Marcus suddenly rose from the couch with a fluid grace that belied his true nature. I flinched involuntarily as I struggled to breathe. His polite smile spread across his face, revealing perfect white teeth.

"Now, now, don't start panicking." He gave me a dramatic sigh that belied the twinkle in his eyes as he witnessed my fear. "Honestly, I find it boring. And besides, I'm not here to hurt you," he said, his tone soothing.

The invisible hands loosened slightly, but it still took me a minute to find my voice, and when I did, it was shaking. "I find that a little hard to believe."

He smiled a little and made a small sound of acquiescence. He moved closer, and I forced myself to stand my ground. I was completely terrified, but I refused to run from him. Not this time.

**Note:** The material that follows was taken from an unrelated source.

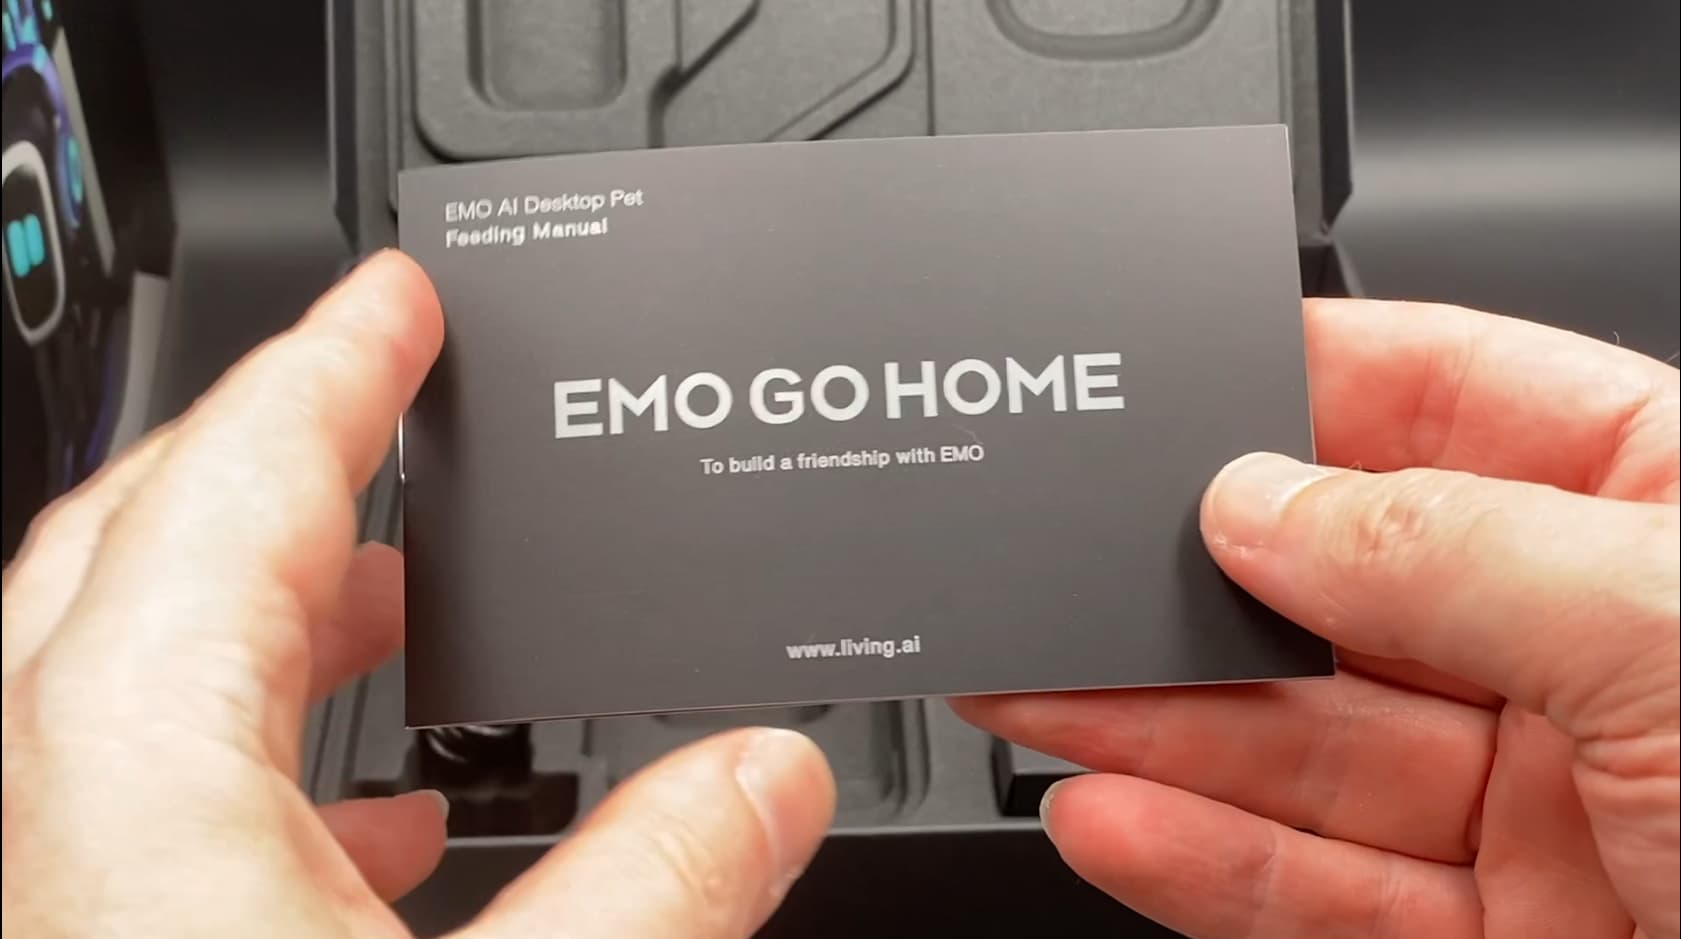 Quick Help Guide for New EMO Owners! :heart_1: - Sharing - LivingAI Forums

"It's true," he insisted. "In fact, I have a proposition for you, one that I think you'll find quite interesting."

"I don't have your goddamned book. And I don't know where it is."

"Oh, I know that now." He paced back and forth in front of me, his movements sinuous and predatory. "I'm not too proud to admit I made a mistake with your family. It seems I was...misled about the book's location." His voice was almost apologetic, but there was an undercurrent of anger beneath the words.

I swallowed hard, my heart pounding in my chest as paralyzing fear slowly morphed into anger. Not just because of what he was telling me, but that he was here in my home, temporary as it may be.

"Misled? By whom?" I would fucking strangle the person with my bare hands for what they’d taken from me.

Marcus shrugged, a casual gesture that only infuriated me more. "That's neither here nor there. It was all just a…what does this generation call it? A wild goose chase to distract me. Because now I know it's right here, in New Orleans." He stared off into the distance and laughed softly. Disbelievingly. “Do you believe it? It was right here under my nose the entire time. And I never knew it. Never felt its power calling to me."

He paused, his eyes boring into mine with an intensity that made me want to look away, but I forced myself to meet his gaze. To show him that I wouldn’t cower before him. "You killed them for nothing," I whispered, my voice trembling with a mixture of grief and rage. "My family died fornothing."